Comments and Suggestions for Authors

Hematophagous leeches express a broad variety of bioactive compounds including numerous anticoagulants that affect both the primary (the platelet aggregation) and the secondary (the blood coagulation) hemostasis. The current study describes the identifica-tion and functional characterization of putative monomeric and oligomeric decorsins in the Asian medicinal leech Hirudinaria manillensis. These studies have greatly expanded our understanding of the diversity of potential anticoagulants in leeches and have provided a foundation for further research. Therefore, I suggest accepting it after minor revisions.

"the Asian Medicinal Leech" should be placed before "Hirudinaria manillensis" in the title of the manuscript.
The introduction section is quite lengthy, so it needs to be condensed.
In line 387-389, the primers were designed based on "the respective genomic sequences". Please provide more specific parameters regarding the primer design (such as Tm value, expected product length), as well as details to ensure primer specificity to avoid non-specific amplification.
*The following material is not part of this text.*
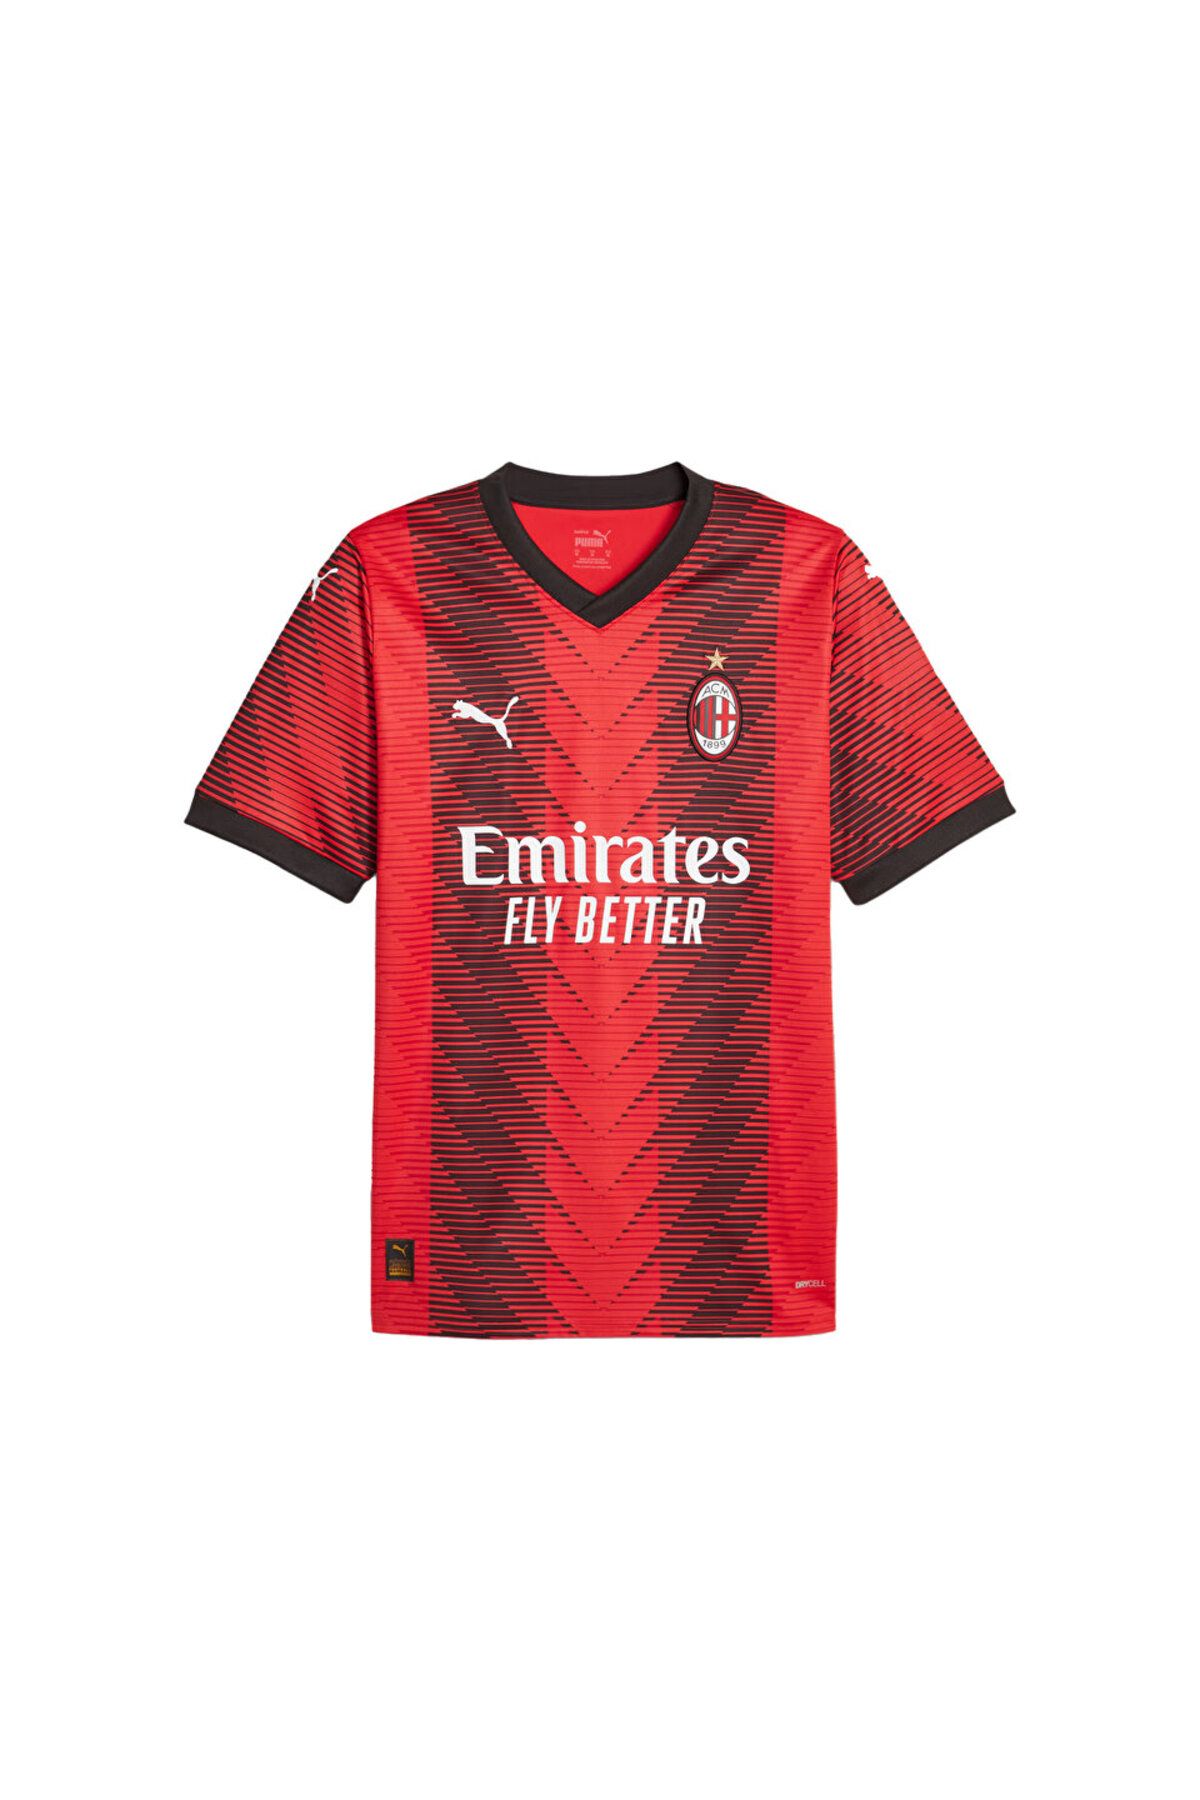 Puma Acm Home Jersey Ac Milan Futbol Forması 77038301 Kırmızı

In line 390-389, the manuscripts mentioned the use of a high-fidelity DNA polymerase, but did not provide a specific PCR reaction conditions (such as annealing temperature, extending time and cycle number, etc.). To ensure the reproducibility of the experiment, please provide a detailed PCR reaction system.
In line 429, “Platelet aggregation tests were performed in two to four technical replicates” lacks statistical significance with only 2–4 replicates. Were biological replicates included?
In Figure 4, there is a lack of statistical significance annotations..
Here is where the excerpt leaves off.